Web Spider is http://www.aliyun.com/zixun/aggregation/8313.html ">spider, is a very image name." The internet is likened to a spider web, so spider is the spider crawling over the internet. Web spiders look for Web pages by their link addresses, start with a page (usually the first page) of a website, read the content of the page, find other links in the page, and then look for the next page through these link addresses so that you can continue to cycle until all the pages in the site are crawled. If the entire Internet as a Web site, then the Web spider can use this principle of the Internet all the pages are crawled down.

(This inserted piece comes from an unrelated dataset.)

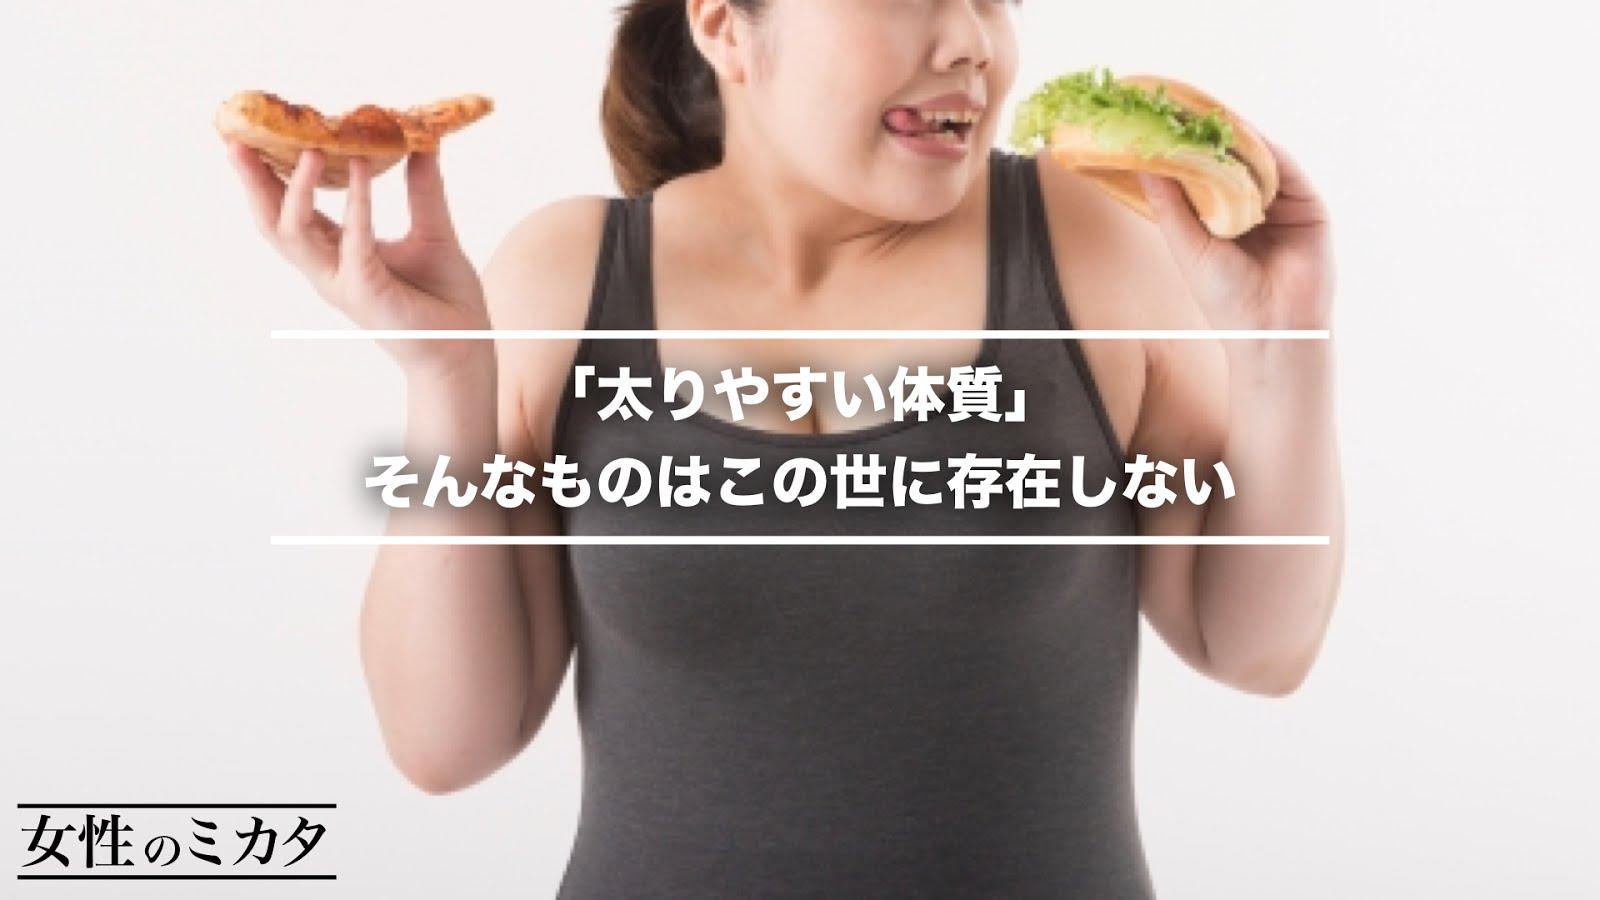 【ダイエットの嘘】太りやすい体質なんて存在しない

For search engines, it is almost impossible to crawl all the pages on the Internet, and from the current data, the largest search engine is just crawling around 40% of the total number of pages. One of the reasons for this is the bottleneck of grasping technology, unable to traverse all the pages, there are many pages that cannot be found from links to other pages, and another reason is the storage technology and processing technology, and if the average size of each page is 20K (including pictures), the capacity of 10 billion pages is 100x 2000G bytes, even if you can store, download also have problems (according to a machine download 20K per second calculation, need 340 machines non-stop download a year to download all the pages).
At the same time, because the amount of data is too large, in the provision of search also has the effect of efficiency. As a result, many search engine web spiders just crawl those important pages, while crawling the importance of evaluation is mainly based on the link depth of a page. When crawling Web pages, web spiders generally have two strategies: breadth first and depth first. Breadth first means that web spiders crawl all the pages of a link in the starting page and then select one of the linked pages to continue crawling all the pages linked to the page. This is the most common way, because this method lets the network spider parallel processing, enhances its crawl speed. Depth first refers to the Web spider will start from the beginning page, a link to track down a link, after processing this line and then to the next Start page, continue tracking links.

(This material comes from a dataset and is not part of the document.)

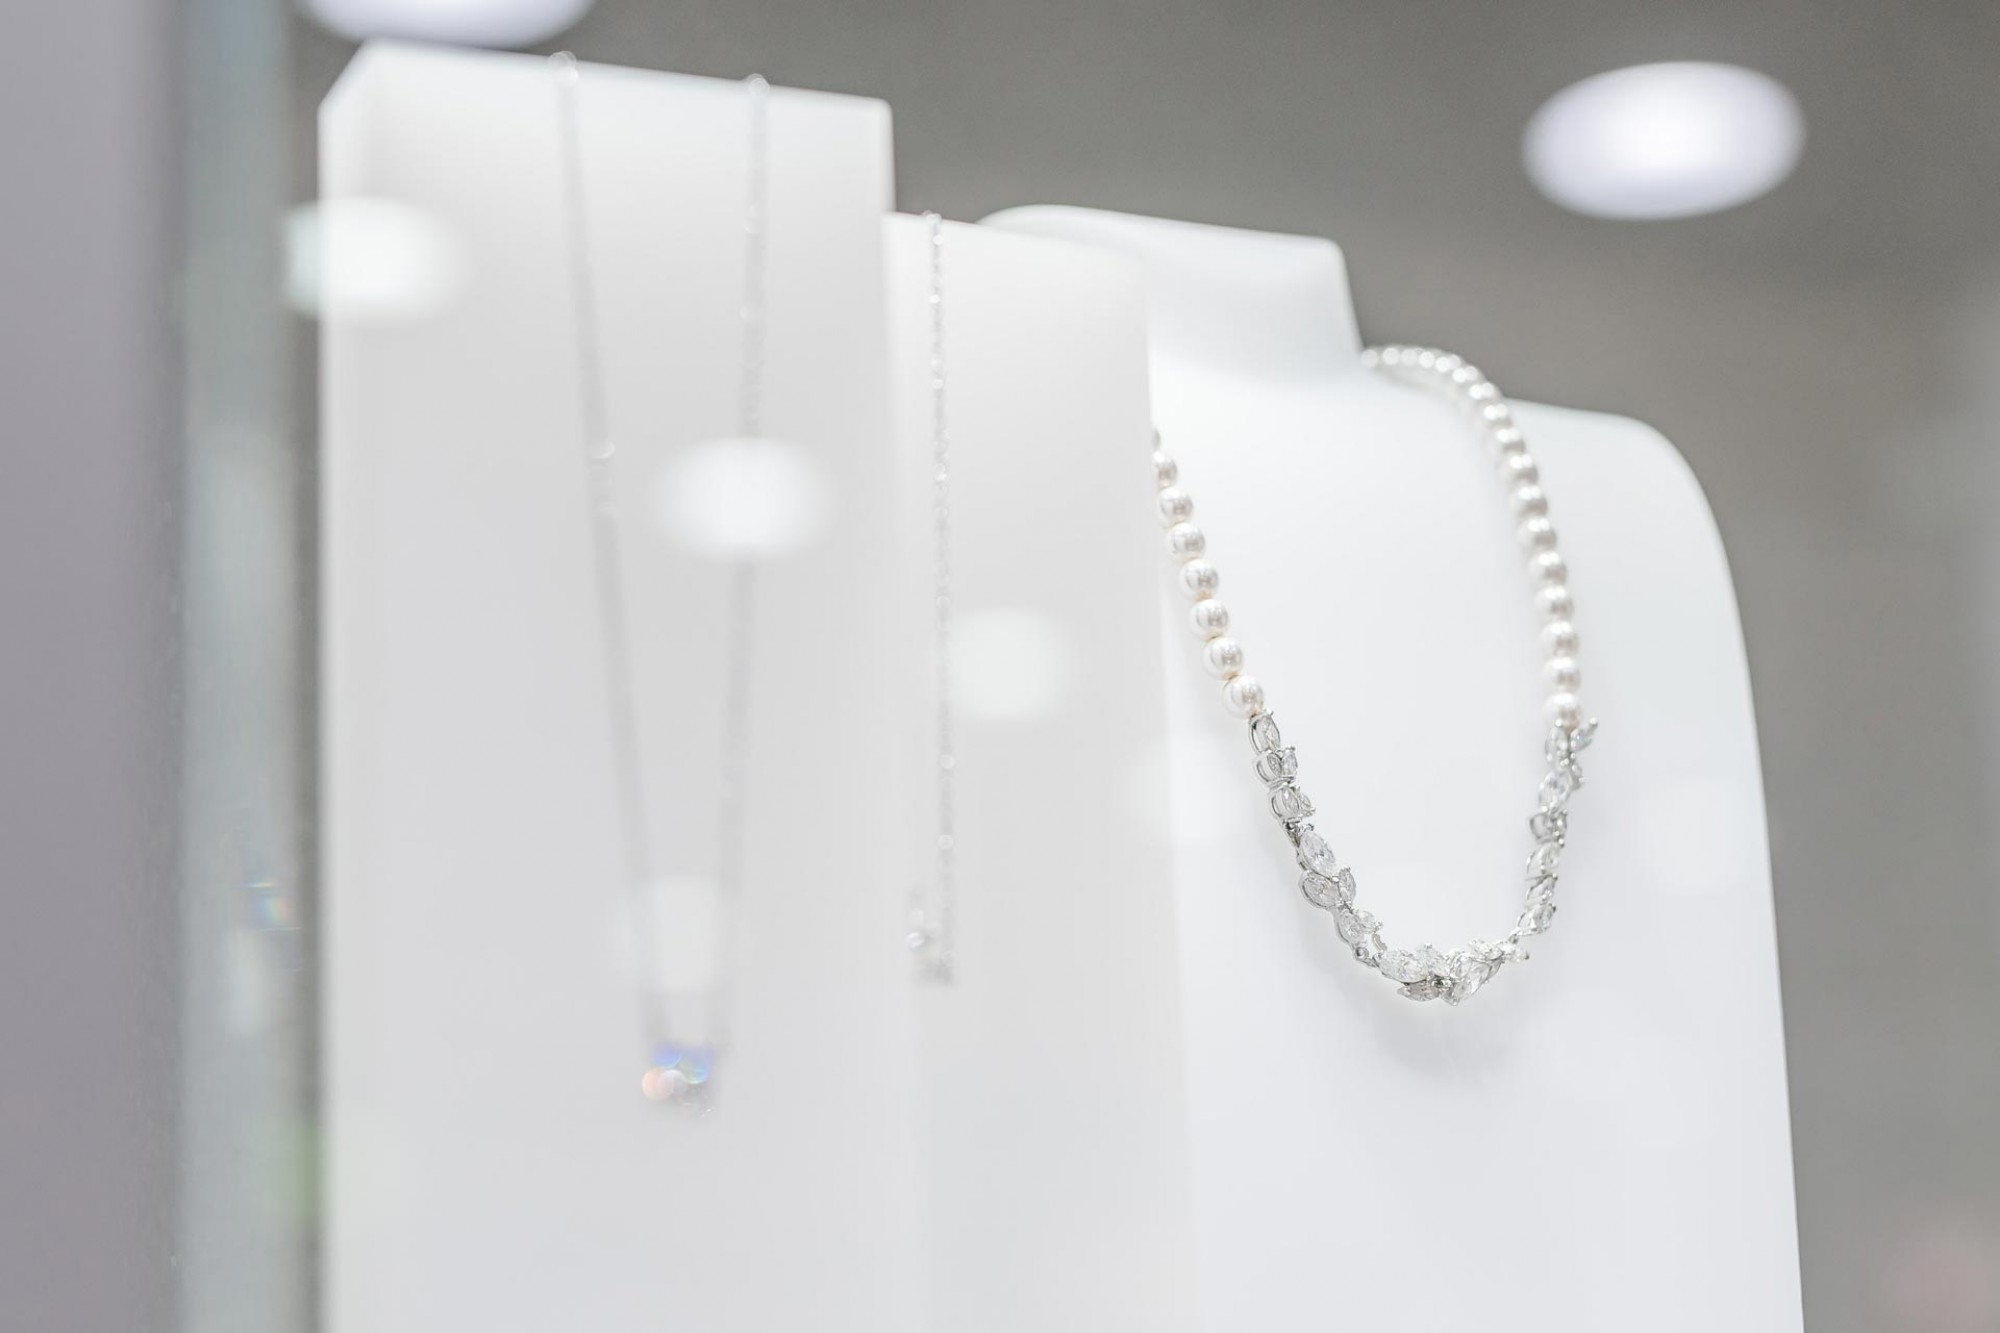 eurobijoux gioielleria collane perle gioielli oro argento

One advantage of this approach is that web spiders are easier to design. Since it is impossible to crawl all the Web pages, some web spiders have set up access layers for some less important sites. For example, a is the starting page, belongs to the 0 layer, B, C, D, E, F belongs to the 1th layer, G, H belong to the 2nd layer, I belong to the 3rd layer. If the network spider sets the access layer to 2, Web page I will not be accessed. This also allows some Web sites to search the search engine, the other part of the site can not be searched. For web designers, a flattened web site structure is designed to help search engines crawl more of their web pages.
Web spiders visit the Web site, often encounter the encryption data and Web page permissions, and some pages are required to access the membership rights. Of course, the owner of the site can pass the protocol to let web Spiders not crawl (described in the next section), but for some websites that sell reports, they want search engines to search for their reports, but they can't be completely free to allow searchers to see them, so they need to give the Web spider the appropriate username and password. Web spiders can crawl the Web pages by giving them permission to provide search. When the searcher clicks on the page, the searcher also needs to provide the appropriate authorization.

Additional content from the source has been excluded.